From 2cf3cc466c187fac46eb35577f107aa49276f1dc Mon Sep 17 00:00:00 2001
From: Reed Wanderman-Milne <reedwm@google.com>
Date: Mon, 16 Nov 2020 15:01:07 -0800
Subject: [PATCH] Merging

---
 .../python/keras/layers/normalization.py      | 16 +++++++---
 .../python/keras/layers/normalization_test.py | 31 +++++++++++++++++++
 2 files changed, 42 insertions(+), 5 deletions(-)

diff --git a/tensorflow/python/keras/layers/normalization.py b/tensorflow/python/keras/layers/normalization.py
index 0737fe11712..29ab50c1b08 100644
--- a/tensorflow/python/keras/layers/normalization.py
+++ b/tensorflow/python/keras/layers/normalization.py
@@ -248,6 +248,7 @@ class BatchNormalizationBase(Layer):
     axis = [self.axis] if isinstance(self.axis, int) else self.axis
     # Axis -3 is equivalent to 1, and axis -1 is equivalent to 3, because the
     # input rank is required to be 4 (which is checked later).
+    # TODO(b/173253101): Once the input rank can be 5, update this check.
     if len(axis) > 1 or axis[0] not in (-3, -1, 1, 3):
       raise ValueError('Passing fused=True is only supported when axis is 1 '
                        'or 3')
@@ -329,14 +330,19 @@ class BatchNormalizationBase(Layer):
       # TODO(yaozhang): if input is not 4D, reshape it to 4D and reshape the
       # output back to its original shape accordingly.
       if self._USE_V2_BEHAVIOR:
+        # TODO(b/173253101): Using fused in the 5D case is currently disabled
+        # due to a regression on UNet, so it is only currently only supported in
+        # the 4D case.
         if self.fused is None:
-          self.fused = ndims in (4, 5)
-        elif self.fused and ndims not in (4, 5):
-          raise ValueError('Batch normalization layers with fused=True only '
-                           'support 4D or 5D input tensors.')

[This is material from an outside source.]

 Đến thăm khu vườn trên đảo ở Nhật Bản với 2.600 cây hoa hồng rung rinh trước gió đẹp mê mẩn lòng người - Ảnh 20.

+          self.fused = ndims == 4
+        elif self.fused and ndims != 4:
+          raise ValueError('Batch normalization layers with `fused=True` only '
+                           'support 4D or 5D input tensors. '
+                           'Received tensor with shape: %s' %
+                           (tuple(input_shape),))
       else:
         assert self.fused is not None
-        self.fused = (ndims in (4, 5) and self._fused_can_be_used())
+        self.fused = (ndims == 4 and self._fused_can_be_used())

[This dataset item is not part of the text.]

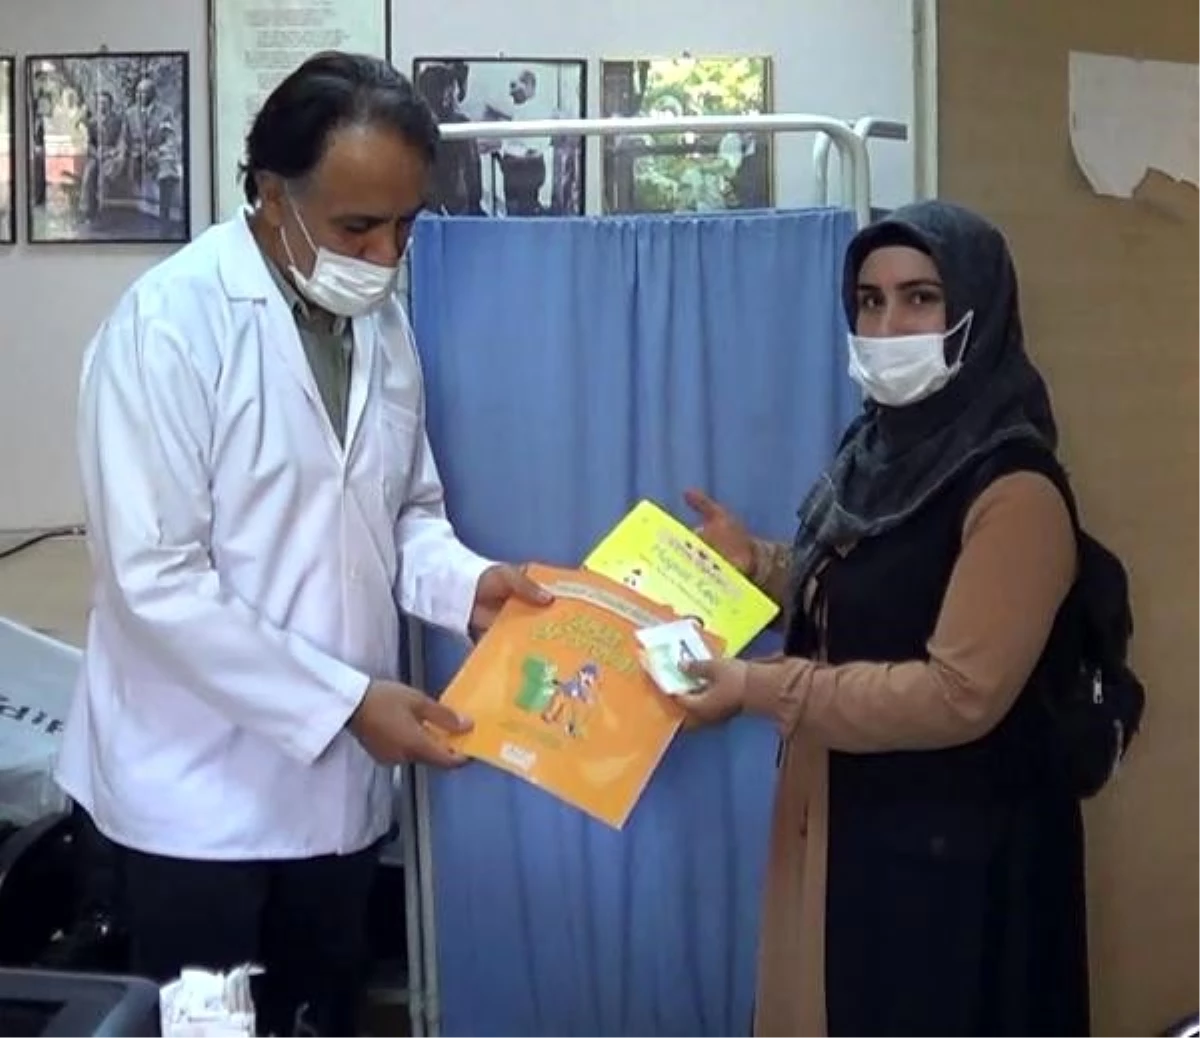 Hastalarına kitap dağıtan aile hekimi, kardelenlere de kitaplık yaptırıyor

       # TODO(chrisying): fused batch norm is currently not supported for
       # multi-axis batch norm and by extension virtual batches. In some cases,
       # it might be possible to use fused batch norm but would require reshaping
diff --git a/tensorflow/python/keras/layers/normalization_test.py b/tensorflow/python/keras/layers/normalization_test.py
index a98db36ceea..d468e5d6db2 100644
--- a/tensorflow/python/keras/layers/normalization_test.py
+++ b/tensorflow/python/keras/layers/normalization_test.py
@@ -241,6 +241,31 @@ class BatchNormalizationTest(keras_parameterized.TestCase):
     self.assertAllClose(model.bn.moving_mean.numpy(), [0.047], atol=3e-3)
     self.assertAllClose(model.bn.moving_variance.numpy(), [0.9], atol=3e-2)
 
+  @combinations.generate(combinations.combine(mode=['eager']))
+  def test_bessels_correction(self):
+    # Bessel's correction is currently only used in the fused case. In the
+    # future, it may be used in the nonfused case as well.
+
+    x = constant_op.constant([0., 2.], shape=[2, 1, 1, 1])
+    layer = normalization_v2.BatchNormalization(
+        momentum=0.5, moving_variance_initializer='zeros')
+    layer(x, training=True)
+    self.assertTrue(layer.fused)
+    # Since fused is used, Bessel's correction is used. The variance of [0, 2]
+    # is 2 with Bessel's correction. Since the momentum is 0.5, the variance is
+    # 2 * 0.5 == 1.
+    self.assertAllEqual(self.evaluate(layer.moving_variance), [1.])
+
+    x = constant_op.constant([0., 2.], shape=[2, 1, 1, 1, 1])
+    layer = normalization_v2.BatchNormalization(
+        momentum=0.5, moving_variance_initializer='zeros')
+    layer(x, training=True)
+    self.assertFalse(layer.fused)
+    # Since fused is not used, Bessel's correction is not used. The variance of
+    # [0, 2] is 1 without Bessel's correction. Since the momentum is 0.5, the
+    # variance is 1 * 0.5 == 0.5.
+    self.assertAllEqual(self.evaluate(layer.moving_variance), [0.5])
+
 
 class BatchNormalizationV1Test(keras_parameterized.TestCase):
 
@@ -291,6 +316,12 @@ class BatchNormalizationV2Test(keras_parameterized.TestCase):
     norm(inp)
     self.assertEqual(norm.fused, False)
 
+    norm = normalization_v2.BatchNormalization()
+    self.assertIsNone(norm.fused)
+    inp = keras.layers.Input(shape=(4, 4, 4, 4))
+    norm(inp)
+    self.assertEqual(norm.fused, False)
+
     norm = normalization_v2.BatchNormalization(virtual_batch_size=2)
     self.assertEqual(norm.fused, False)
     inp = keras.layers.Input(shape=(4, 4, 4))